NB: «Europa heautentimorumene» alude al título de la comedia «Heautontimorumenos» [en griego, el que se atormenta a sí mismo] escrita por el dramaturgo romano Terencio, a mediados del siglo II a.C.

Citas: [1] SÁEZ Y ROMERO, M. Las calles de Segovia. Noticias, tradiciones y curiosidades. Segovia: Antonio San Martín Impresor y Librero, 1918, p. 60. [2] FOLCH JOU, G. “Andrés Laguna, naturalista”. En: AA.VV. Vida y obra del Dr. Andrés Laguna. Salamanca: Junta de Castilla y León, 1990, p. 20. [3] DE CERVANTES, M. El ingenioso hidalgo don Quijote de la Mancha. Madrid: Espasa, 2005, p. 161. [4] HERNANDO, T, “Vida y labor médica del Dr.

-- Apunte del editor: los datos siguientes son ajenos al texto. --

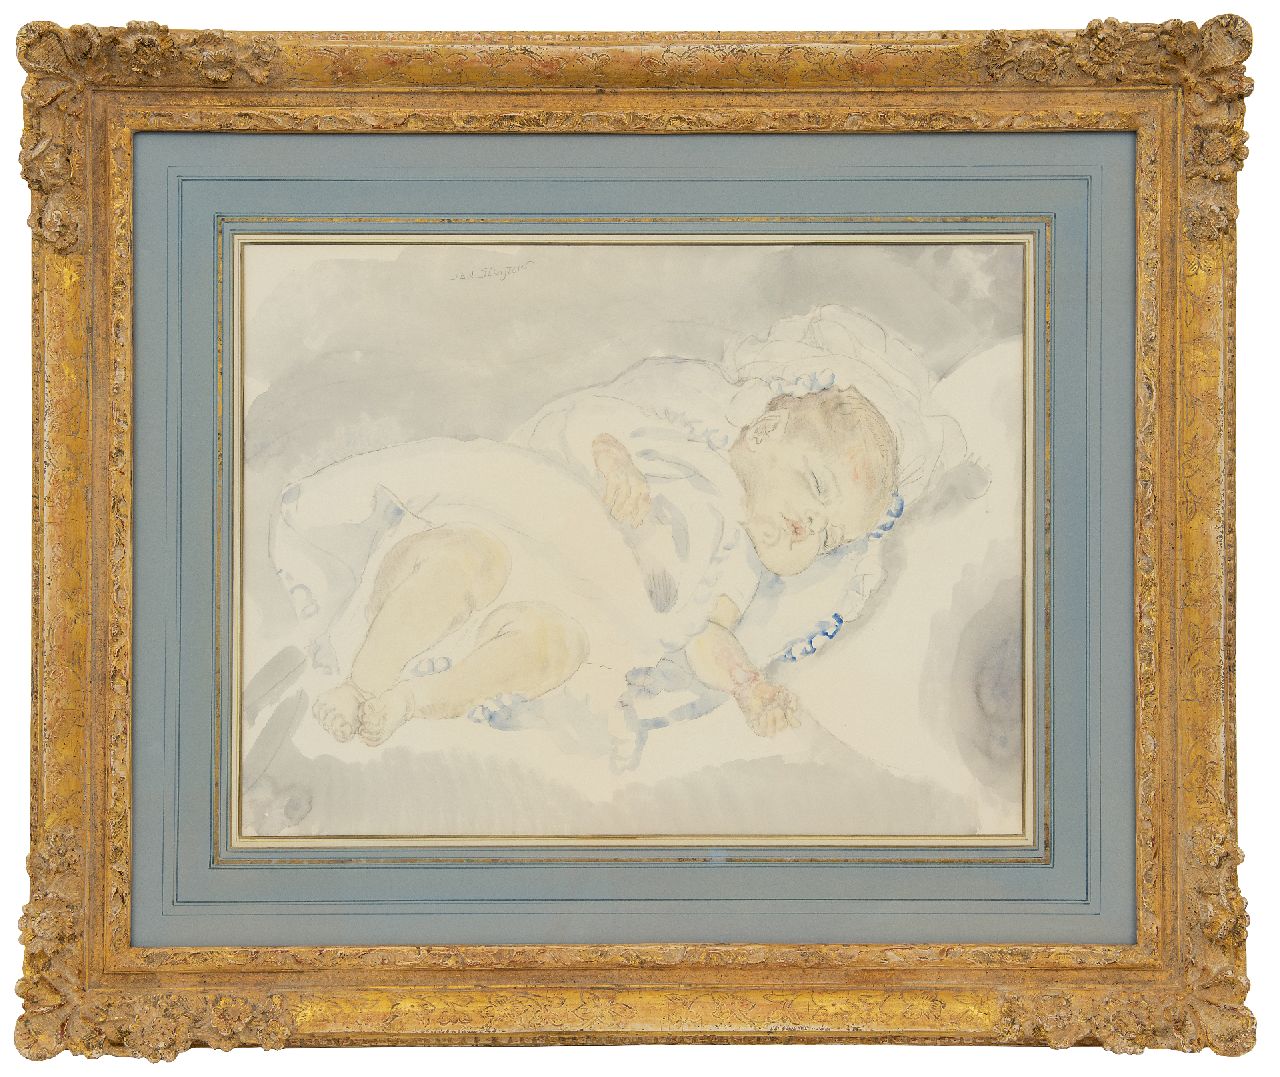 Sluijters J.C.B.  | Johannes Carolus Bernardus 'Jan' Sluijters | Watercolours and drawings offered for sale | Sleeping baby, pencil and watercolour on paper 46.5 x 58.5 cm, signed u.l.

Andrés Laguna”. En: AA.VV. Ob. cit., pp. 88 y 104. [5] DE VERA, J. “Algo más sobre el Doctor Andrés de Laguna”. En: AA.VV. Ob. cit., p. 245. [6] PUERTO, J. Andrés Laguna. Estudio crítico. Madrid: Fundación Ignacio Larramendi, 2016 pp. 8 a 10. [7] SACRISTÁN DEL CASTILLO, J. A. &  GUTIÉRREZ FUENTES, J. A. “El porqué de este libro. La lección magistral Andrés Laguna”. En: SACRISTÁN DEL CASTILLO, J. A. &  GUTIÉRREZ FUENTES, J. A. Andrés Laguna, un científico español del siglo XVI. Madrid: Unión Editorial y Fundación Lilly, 2013, p. 16. [8] MORENO RODRÍGUEZ, A. “Evocación de Laguna”. En: AA.VV. Ob. cit., p. 223.